According to a fourth aspect, the present disclosure provides a computer program product. When the computer program product runs on a server, the server is enabled to perform the application acceleration method in any one of the first aspect or the possible implementations of the first aspect.
According to a fifth aspect, the present disclosure provides a computer-readable storage medium. The computer-readable storage medium stores instructions. When the instructions are run on a server, the server is enabled to perform the application acceleration method in any one of the first aspect or the possible implementations of the first aspect.
To describe technical solutions in embodiments of the present disclosure more clearly, the following briefly describes the accompanying drawings for describing embodiments. It is clear that the accompanying drawings in the following descriptions show some embodiments of the present disclosure, and a person of ordinary skill in the art may still derive other drawings from these accompanying drawings without creative efforts.
The following describes the technical solutions of the present disclosure with reference to the accompanying drawings.
HPC is to complete data-intensive, compute-intensive, and data input/output (I/O) intensive computing in fields such as scientific research, engineering design, finance, industry, and social management by using an effective algorithm.
Currently, a data type of data used in an application such as an HPC application and engineering simulation is usually a high-precision floating point type, for example, FP128 or FP64. However, using data of a high-precision floating point type for all data is an “over-engineered” implementation, and the data of the high-precision floating point type occupies large storage space. In this implementation, a waste of memory is caused in an application execution process, an operation amount in a computation process is large, and computation efficiency is affected. Therefore, how to accelerate an application is a technical problem that needs to be resolved.
As a speed of improving performance of a central processing unit (CPU) cannot satisfy an increasing computing requirement of an application, to greatly improve performance and efficiency of a typical application, for example, improve a speed of training an artificial intelligence (AI) model, a processor develops toward compute-intensive dedicated hardware, and a compute-intensive hardware chip includes a graphics processing unit (GPU), an embedded neural network processing unit (NPU), a tensor processing unit (TPU), a data processing unit (DPU), an accelerated processing unit (APU), a floating processing unit (FPU), an application-specific integrated circuit (ASIC), a programmable logic device (PLD), a field programmable logic gate array (FPGA), or the like. Because some applications do not have a high requirement on data precision, the compute-intensive hardware chip usually has a capability of processing low-precision (for example, FP32 and FP16) data stronger than that of a general-purpose CPU, that is, different hardware chips are suitable for processing data of different data types.
In embodiments of the present disclosure, the data types include types such as an FP128 type, an FP64 type, an FP32 type, and an FP16 type. The data type can indicate data precision. For example, precision of FP128 data is precision of a floating-point number represented by using 128 bits, and the precision of the FP128 data is higher than precision of FP64 data. It should be noted that high precision and low precision in embodiments of the present disclosure are relative concepts, and the high precision and the low precision do not refer to specific data of one or more data types. For example, the FP128 data is high-precision data relative to the FP64 data, and the FP64 data is low-precision data relative to the FP128 data.

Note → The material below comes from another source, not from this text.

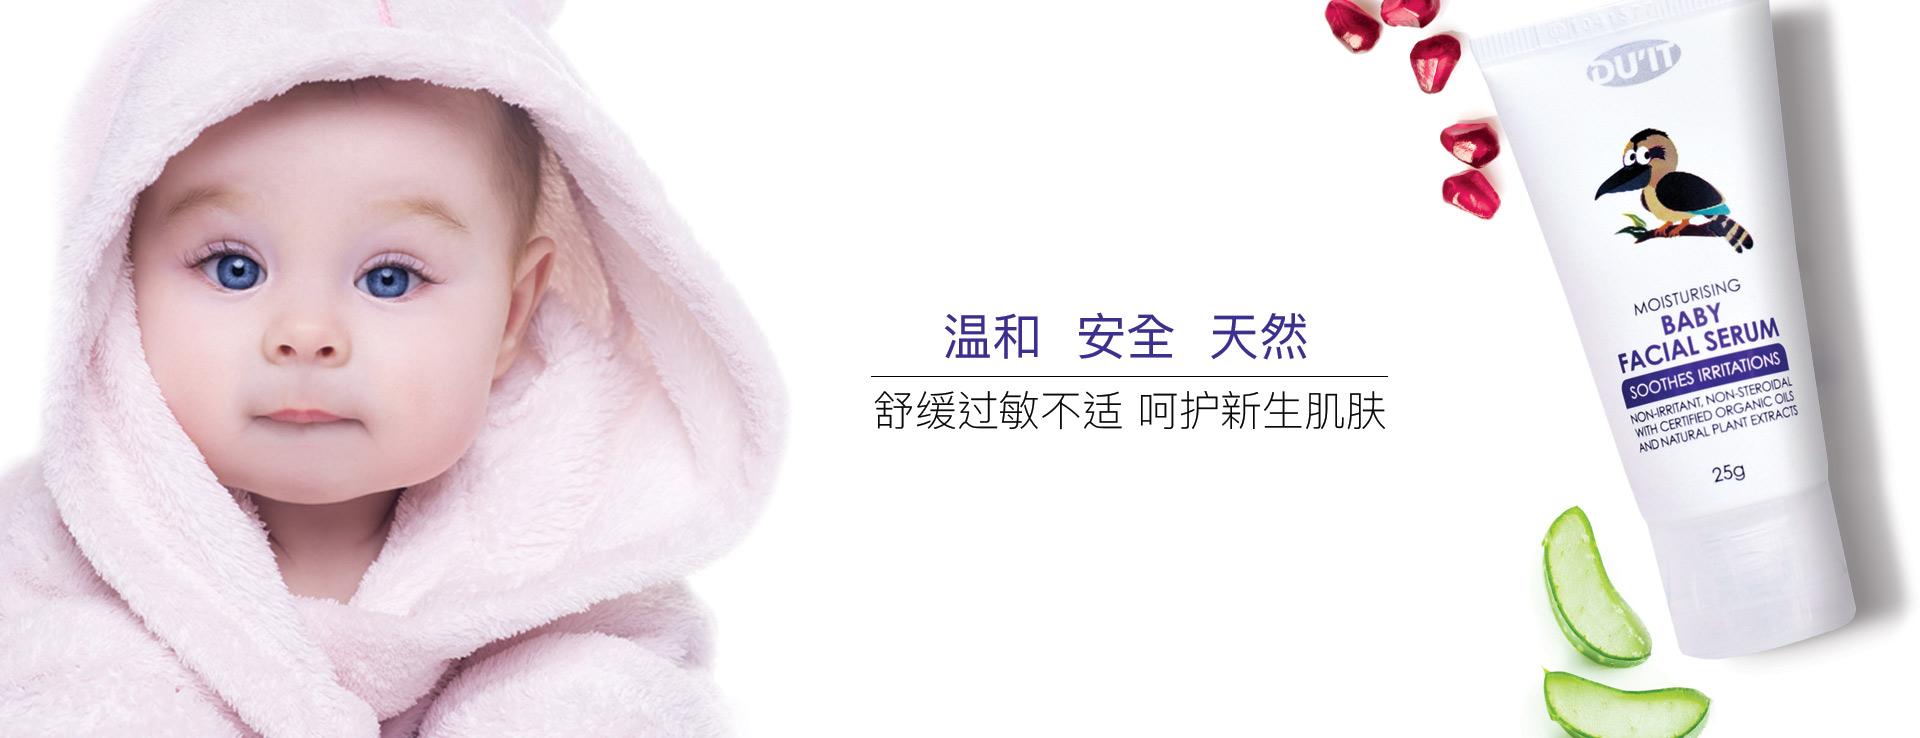 DUIT滚珠理疗足膜,世界首款滚珠式脚膜,方便使用,不油腻并容易吸收,无需再用手部涂抹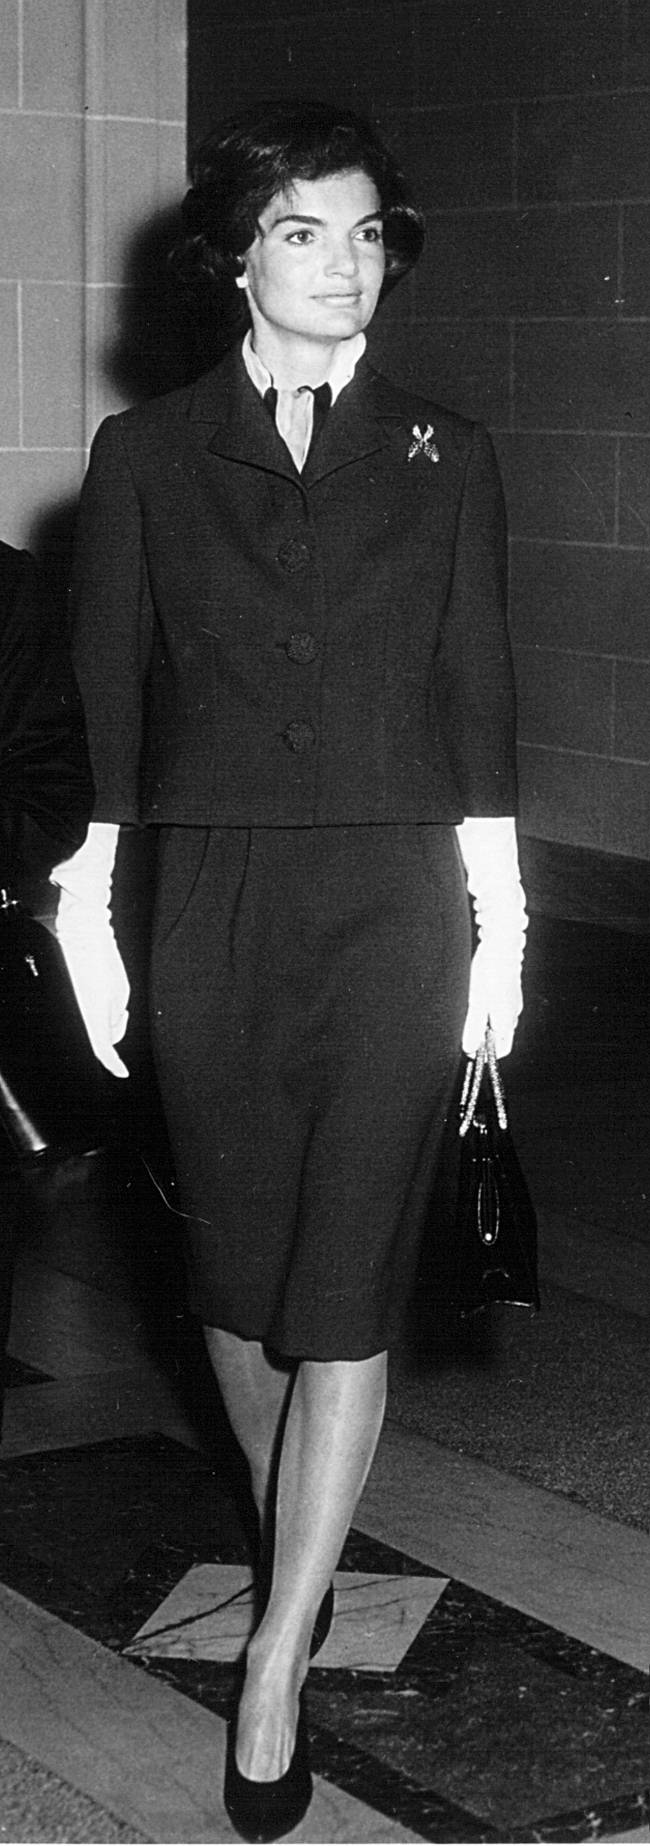 Jackie costumava combinar luvas curtas com blazer e saia(Photo by National Archive/Newsmakers)

The FP64 data is high-precision data relative to FP32 data, and the FP32 data is low-precision data relative to the FP64 data. The FP32 data is high-precision data relative to FP16 data, and the FP16 data is low-precision data relative to the FP32 data.
It should be understood that a variable type corresponding to a variable is the same as a data type corresponding to the variable, and the variable type also includes FP128, FP64, FP32, FP16, or the like. The variable type indicates a data type assigned to a variable when the variable is declared or defined. When code of an application is not executed, no value is assigned to a variable, but a variable type of the variable is declared or defined. The variable type of the variable is in one-to-one correspondence with a data type of data. For example, for a variable whose variable type is FP128, a data type of data when a value is assigned to the variable is FP128 data; and for a variable whose variable type is FP32, a data type of data when a value is assigned to the variable is FP32 data. That is, when the code is not run, the data type of the data corresponding to the variable is replaced with the variable type. Precision of the variable is precision of data corresponding to the variable type. Therefore, the variable type can also indicate precision of the data corresponding to the variable. For example, if the variable type is FP64, it indicates that precision of data corresponding to the variable to which a value is assigned is precision of FP64 data.
Embodiments of the present disclosure provide an application acceleration method, to accelerate an application by using different hardware chips. A computing device first obtains first code corresponding to an application that needs to be accelerated, where the first code includes one or more different variable types of variables. For example, the first code includes first-type variables, or the first code includes first-type variables and second-type variables. Precision of data corresponding to the first-type variable is higher than precision of data corresponding to the second-type variable. For example, the first-type variables are FP64-type variables, and the second-type variables are FP32-type variables. Then, the computing device determines, based on operators in the first code and types of variables in the operators, hardware chips configured to execute the operators, and deploys different operators in the first code in the different hardware chips, and the different hardware chips jointly execute the application, to accelerate the application.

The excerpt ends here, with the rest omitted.